Diversity-interaction model
To disentangle plant guilds effects on SOC, we built a
Diversity-Interaction Model (DIM) (Kirwan et al. 2009) in two
steps. Preliminary normality tests (distribution histogram and normal
Q-Q plot, and the Shapiro Wilk W test (Shapiro et al. 1968))
showed that the variable SOC was not normaly distributed (W = 0.948;
p-value < 0.001). We log-transformed SOC to prevent a breach
of the normality assumption by the residuals of the models (W = 0.99;
p-value = 0.18). From now on, it should be understood that the mention
of SOC in the context of modelling refers always to log(SOC).
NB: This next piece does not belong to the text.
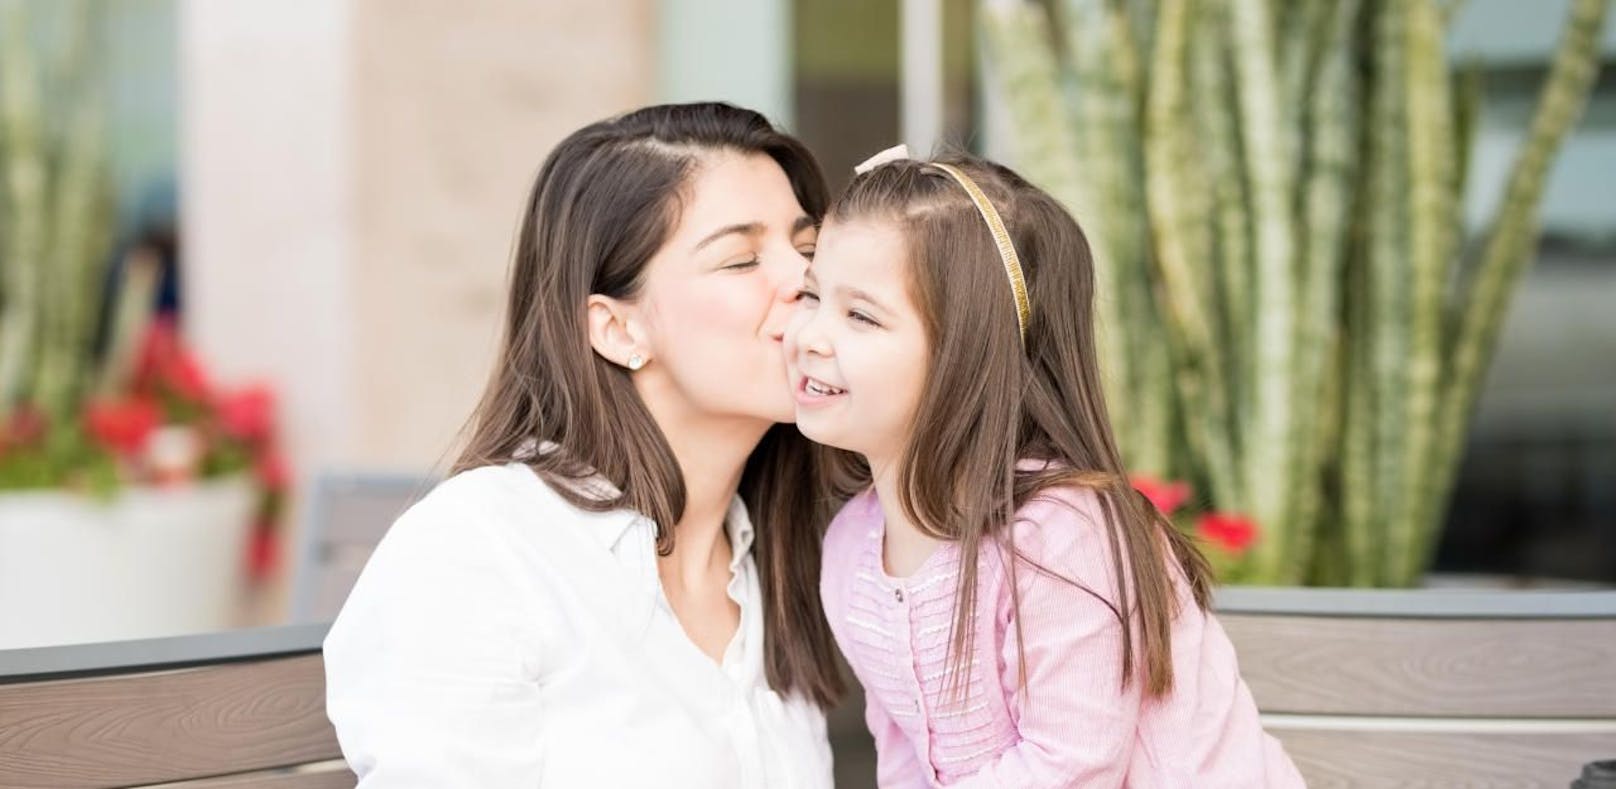 Eltern sollten unterschreiben, dass sich Kinder von &quot;Ranghöheren&quot; küssen lassen müssen, wenn diese das wollen.
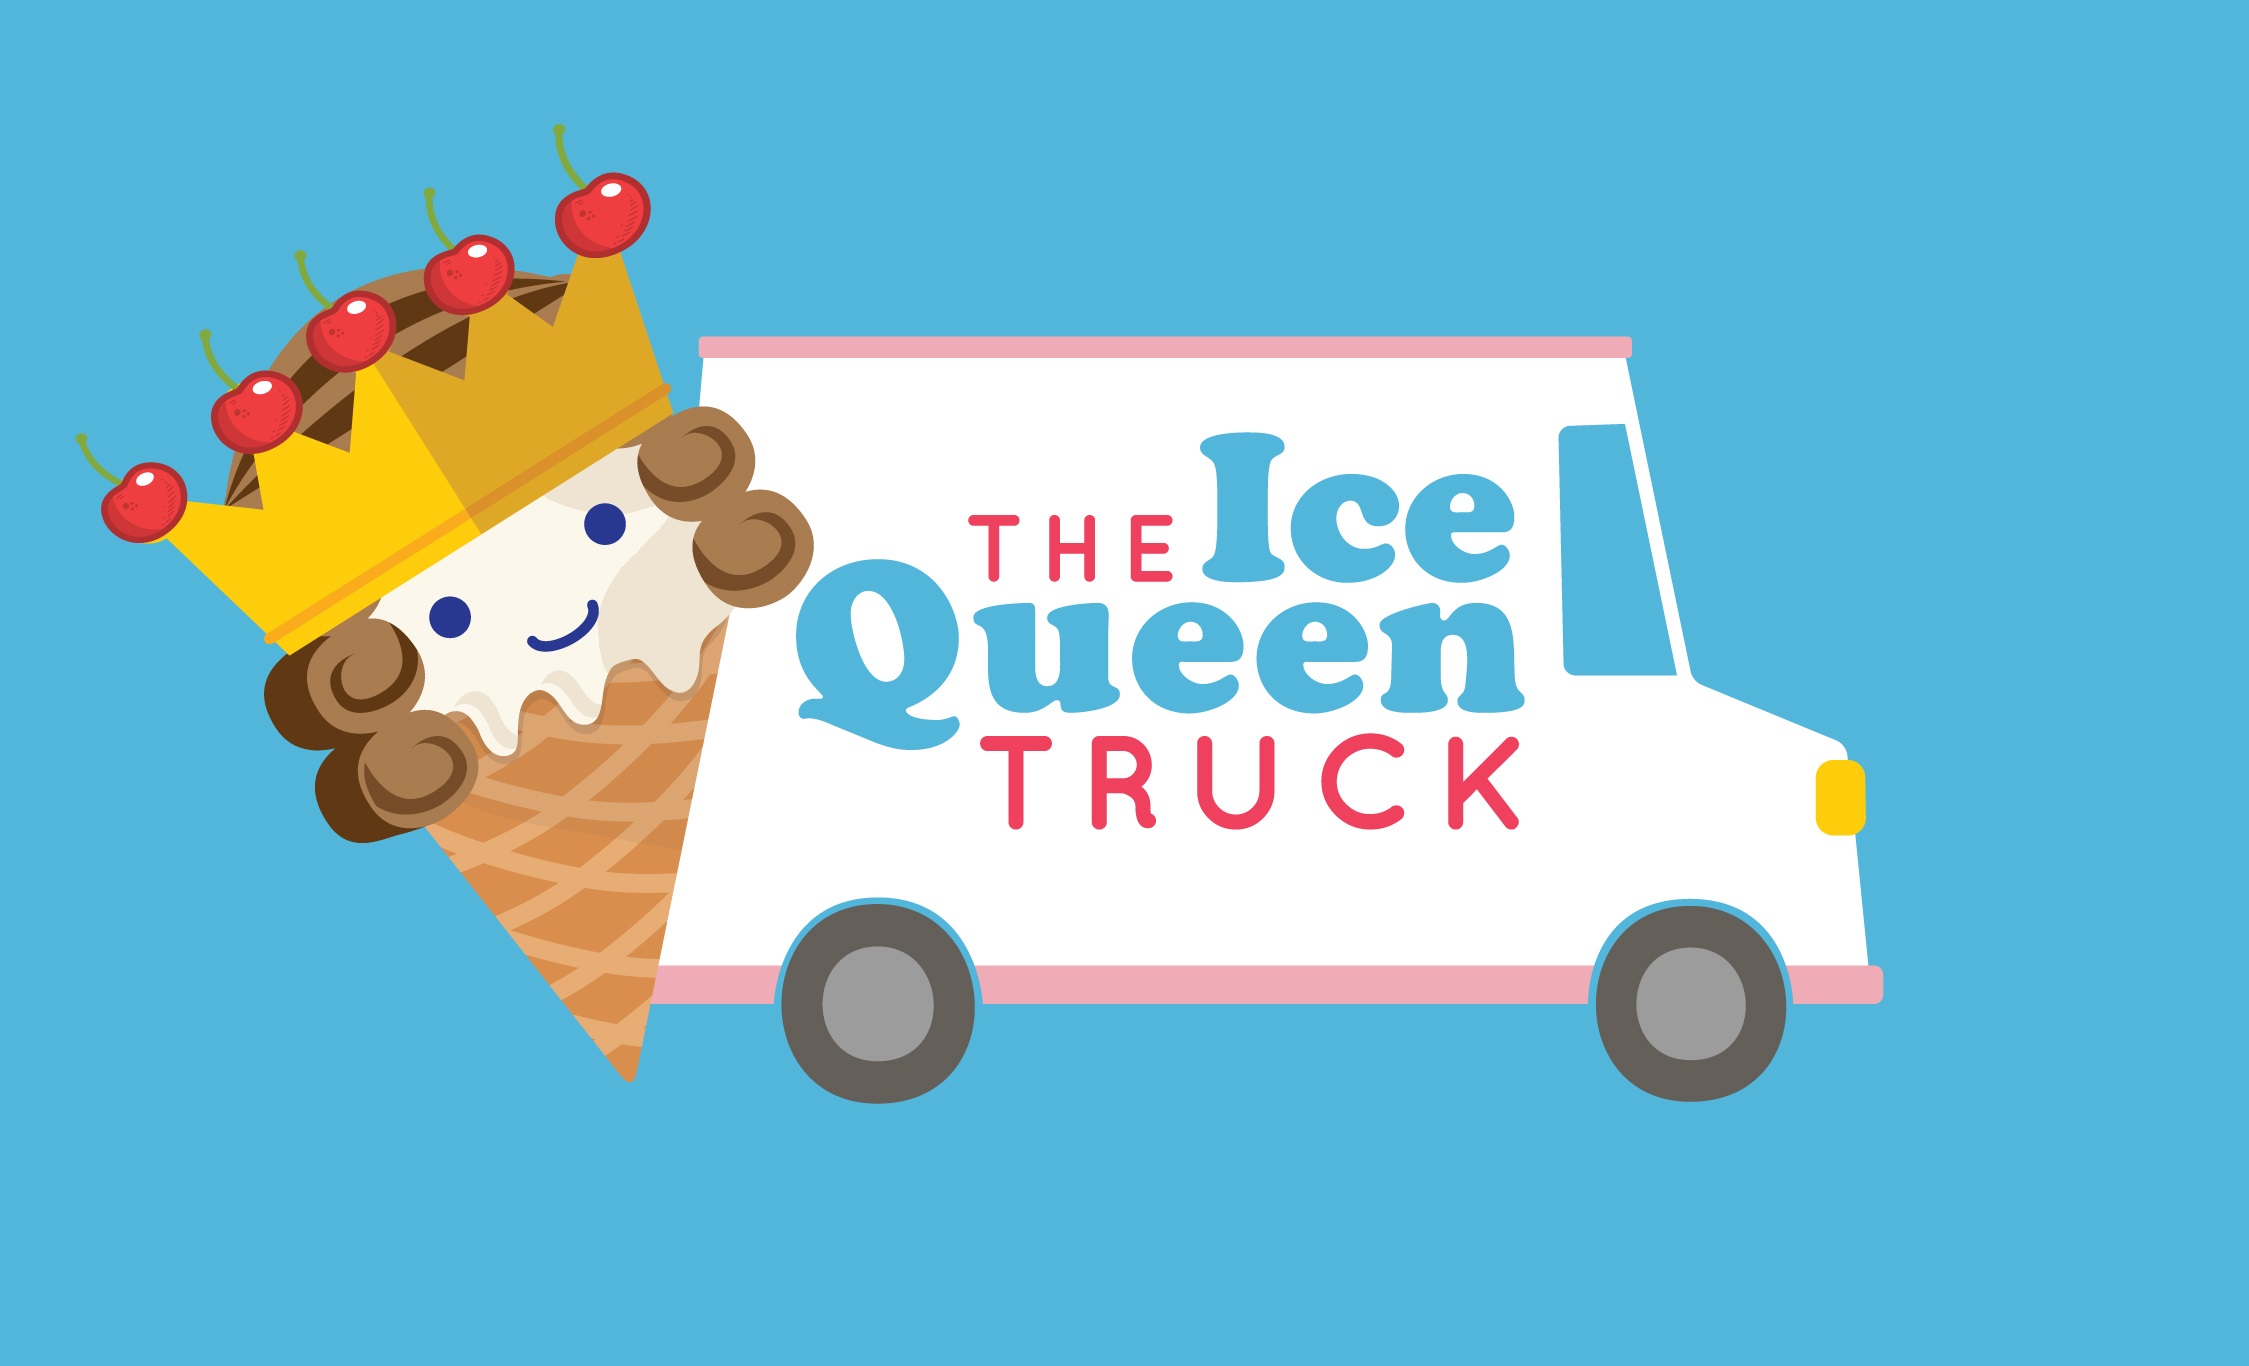 The Ice Queen truck

As a first step, to control the wide climatic and topographical
variability of the Pyrenees (Garcia-Pausas et al. 2007, 2017) we
fitted a linear model (Legendre & Legendre 1998) for SOC considering
only environmental drivers other than plant guilds. We included both
main effects and pair-wise interactions. We selected several candidate
terms by a semi-automatic procedure by a genetic algorithm included in
the R package glmulti (Calcagno & Mazancourt 2010). We selected the
best model including only main effects of the predictors, using SOC as
the response variable. Then we modelled the residuals of that model with
the same predictors to look for significant candidate level-two
interaction terms. Once we obtained a set of candidate model terms (with
both main effects and interactions), those were included into a single
model on which we performed backward-forward selection. We used several
methods to compare and determine the final model, including the
corrected Akaike information criterion (AICc; (Symonds & Moussalli
2011)), the adjusted determination coefficient
(Radj2) and model comparison
techniques with the “anova()” function in R, using Chi-square tests to
test whether the reduction in the residual sum of squares was
statistically significant.
At the second step, to complete the DIM, we added to our null model the
guild proportion variables and the guild pair-wise interactions. Because
all guild proportions sum 100%, we built a model without intercept at
this step (Kirwan et al. 2009). We discarded curved relationships
between the model terms and SOC by comparing this final DIM model with
the corresponding generalized interaction model (Connolly et al.2013) using a likelihood test (Chi-squared = 1.27 x
10-3; p-value = 0.97; Hothorn et al., 2019).
In order to show the effects of plant guilds we calculated the predicted
effects of the model for all possible combinations of grasses, forbs and
legumes with the emmeans package (Lenth et al. 2019), fixing the
rest of the variables at their mean value. Sedges were fixed at 0%
because of their low effects on SOC (Table 1), their low mean proportion
(2%) and to obtain clearer plots. We built a ternary plot with the
ggtern package (Hamilton & Ferry 2018) to show predicted SOC variation
across plant guild proportions. We also plotted SOC variation across a
legume proportion gradient under: 1) a balanced scenario where grasses
and forbs accounted equal proportions; 2) a forb-dominance scenario
where forb:grass proportions were 80:20; 3) a grass-dominance scenario
were forb:grass proportion was 20:80; and 4) a co-dominance scenario
where grasses and forbs accounted equal proportions (50:50), of the
remaining proportion unaccounted by legumes.